EMEL exists to make inference behavior explicit and verifiable. Instead of ad-hoc control flow, orchestration is modeled as Boost.SML state machines with deterministic, testable transitions. That enables:
- Clear operational semantics and failure modes.
- Deterministic, reproducible inference paths.
- High-performance, C-compatible boundaries without dynamic dispatch in hot paths.
- Auditable parity work against reference implementations without copying their control flow.
It might look like over-engineering — "I have a hammer so everything looks like a nail." But a state machine with two states has virtually zero overhead, and the goal is explicit behavior modeling, not complexity for its own sake. Stateless functions inevitably accumulate conditional logic as the code evolves: mode flags, error booleans, retry counters, phase enums. Taming that accidental complexity before it starts is the whole point of EMEL. Every actor has a visible state model, every transition is declared, and every unexpected event has a defined handler. That's the trade I'm making.
End-to-end performance will be inferior to llama.cpp and other engines initially — that's expected and accepted, even though many individual machines will perform comparably or better in isolation. Having explicit actions and states makes it straightforward to find hotspots, and if profiling shows a state machine itself is the bottleneck, it gets removed. Concurrency is intentionally deferred until single-threaded behavior is verified.
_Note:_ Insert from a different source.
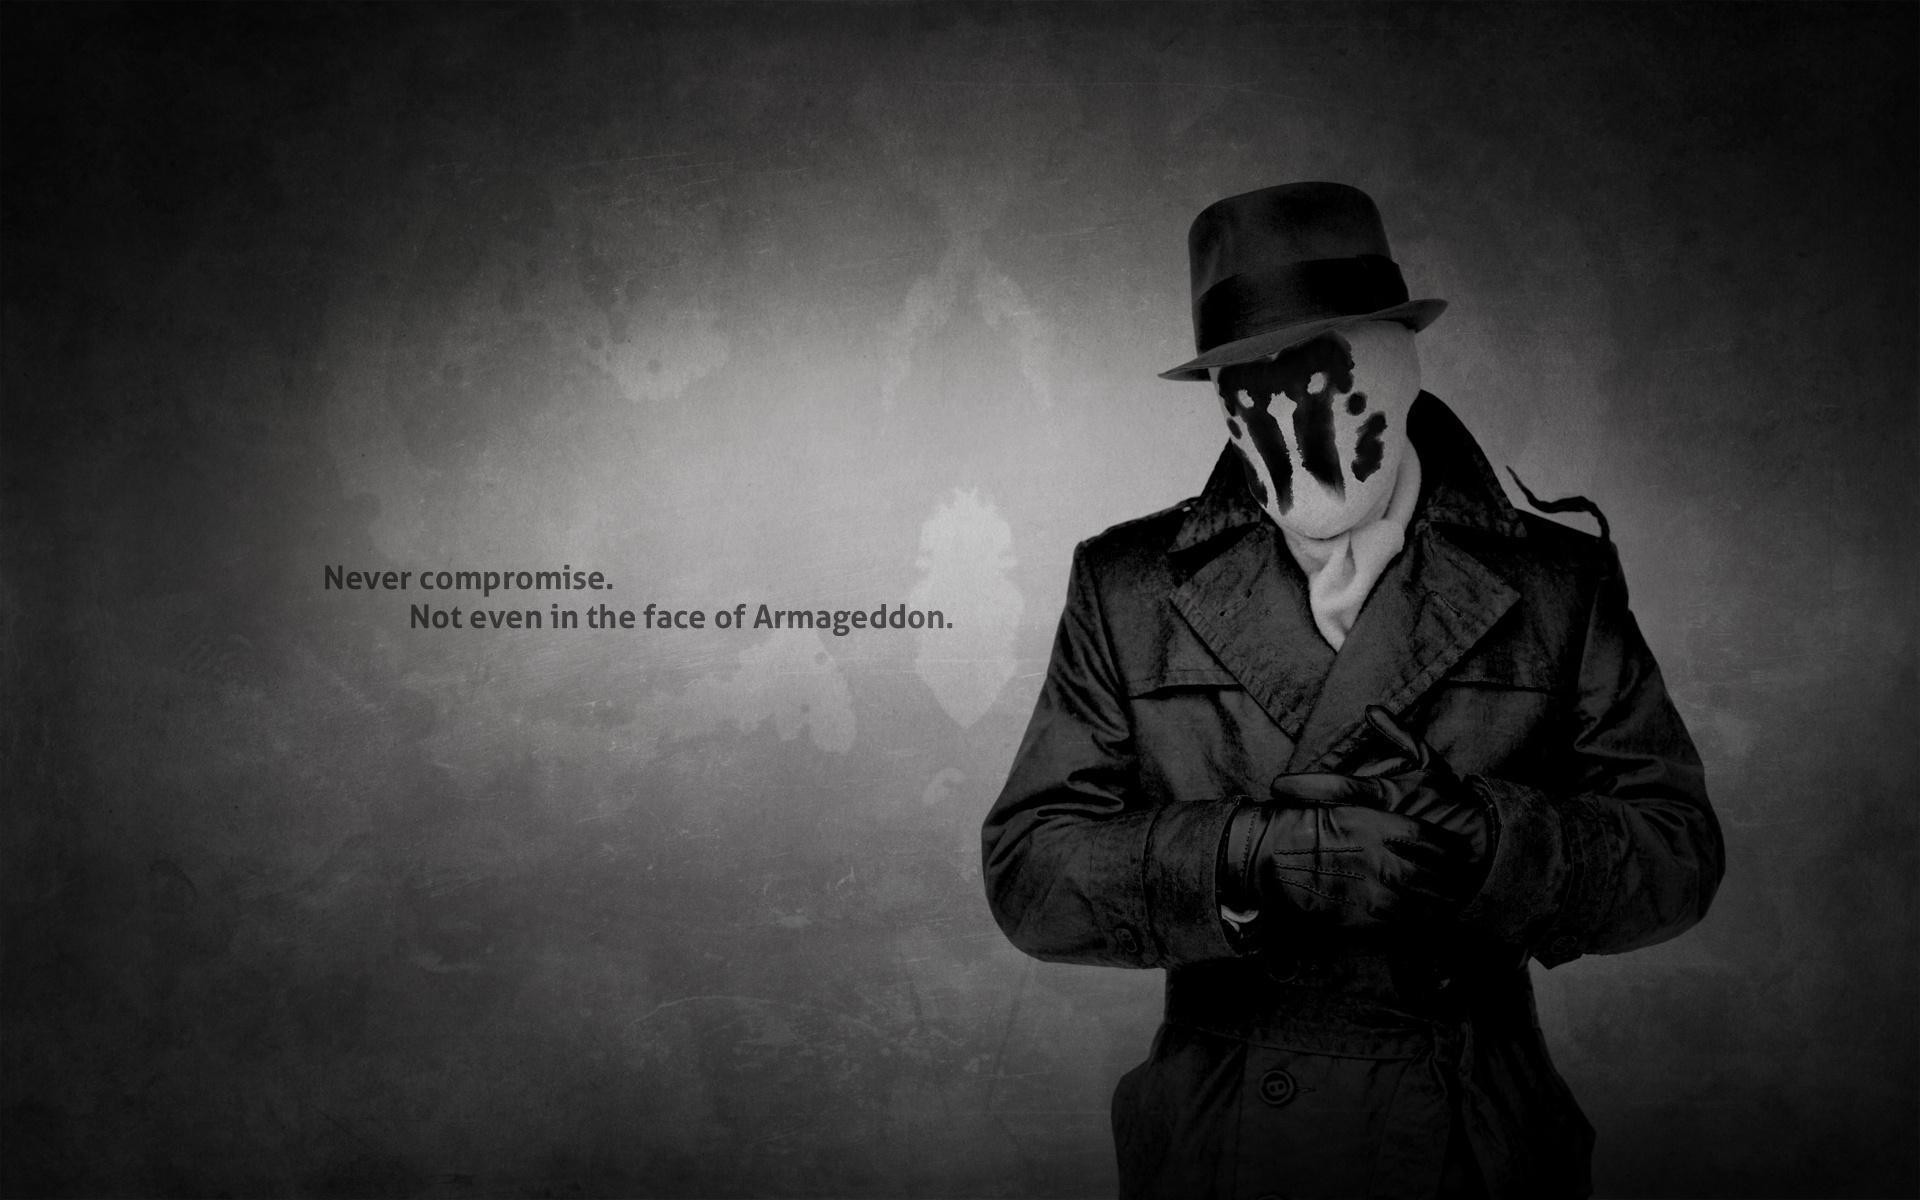 text quotes rorschach monochrome hats

That doesn't mean there's no plan for it — the actor model makes adding concurrency easier than it looks, and it will be introduced only where measurement says it's necessary.
“EMEL” is pronounced like “ML”. It’s a short, neutral name that doesn’t carry existing assumptions or baggage. It’s intentionally low-ceremony while I iterate on the core design.
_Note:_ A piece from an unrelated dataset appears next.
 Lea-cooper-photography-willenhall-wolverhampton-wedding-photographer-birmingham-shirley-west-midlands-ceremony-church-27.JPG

Huge thanks to the contributors of llama.cpp and ggml. EMEL’s parity work depends on the quality and clarity of these reference implementations.
Special shout out to Georgi Gerganov, whose work created the foundation that made this ecosystem possible.
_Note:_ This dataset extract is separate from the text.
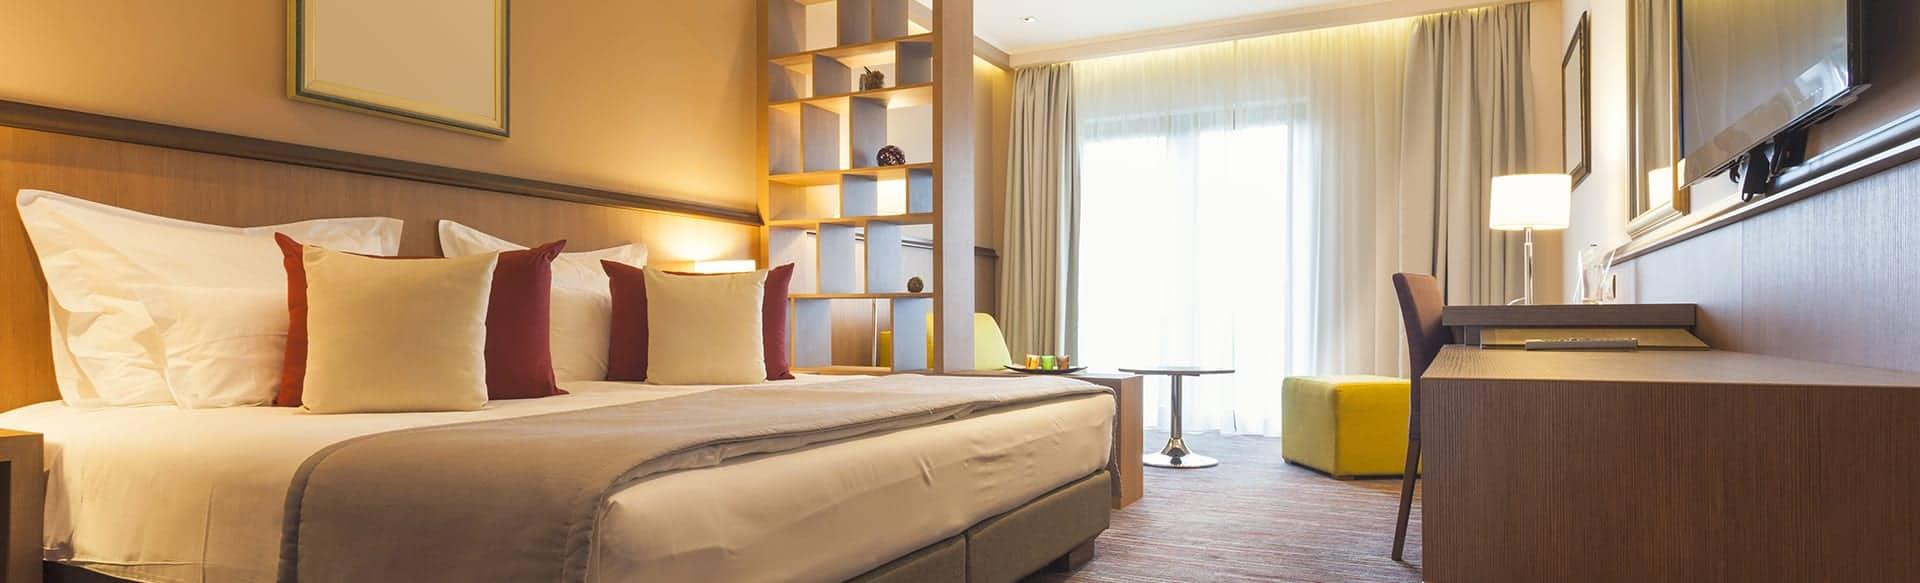 Hotel-Top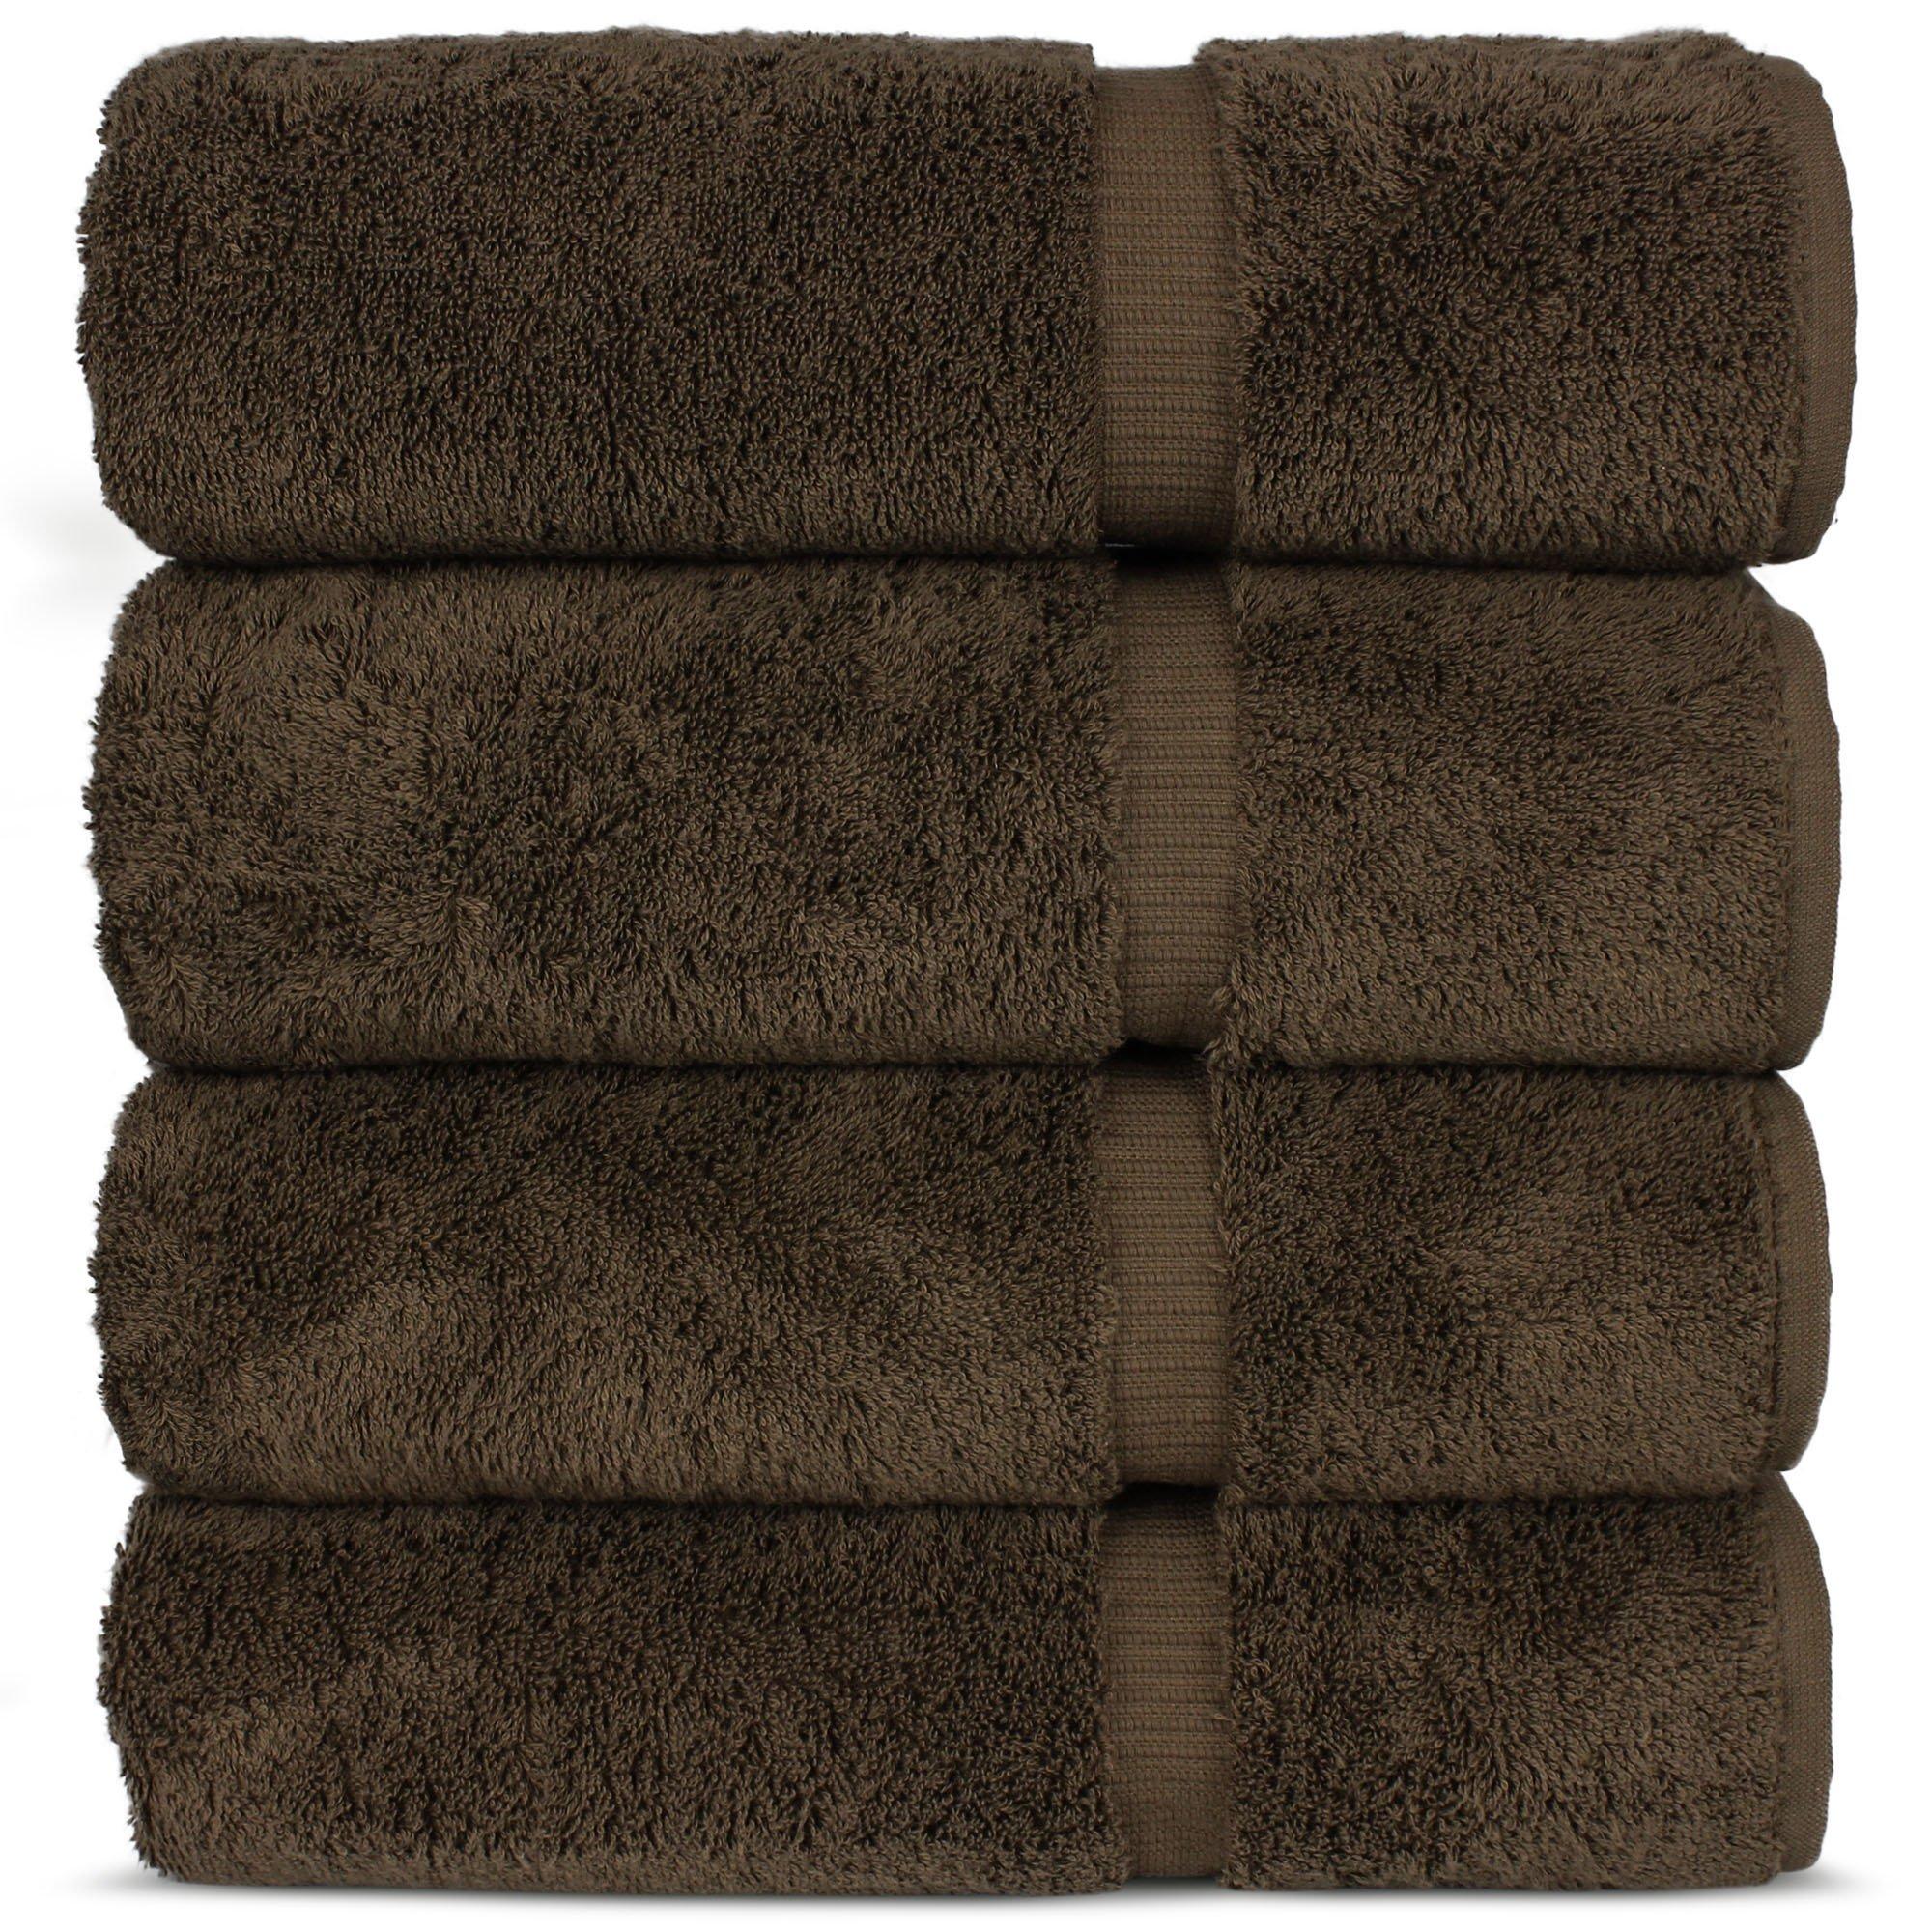 Luxury Premium long-stable Hotel & Spa Turkish Cotton 4-Piece Eco-Friendly Bath Towel Set (Cocoa)

scripts/quality_gates.shIndividual gates live in scripts/build_with_zig.sh, scripts/test_with_coverage.sh,
scripts/test_with_sanitizers.sh, scripts/fuzz_smoke.sh, scripts/lint_snapshot.sh,
and scripts/bench.sh.
Zig’s C/C++ toolchain gives us consistent, fast, cross-platform builds without forcing a full dependency on any single system compiler or SDK. It keeps the default dev path reproducible, while still allowing native toolchains when needed.
Coverage and CI tooling are already standardized around CMake + CTest + llvm-cov/gcovr in this repo. Using CMake for test/coverage builds keeps gates deterministic and portable across CI environments, while Zig remains the default for day-to-day builds.
- Architecture (generated state-machine docs + Mermaid diagrams)
- Benchmarks (generated benchmark snapshot table)
- SML Conventions (Boost.SML conventions and usage)
- Parity Audit (parity audit status)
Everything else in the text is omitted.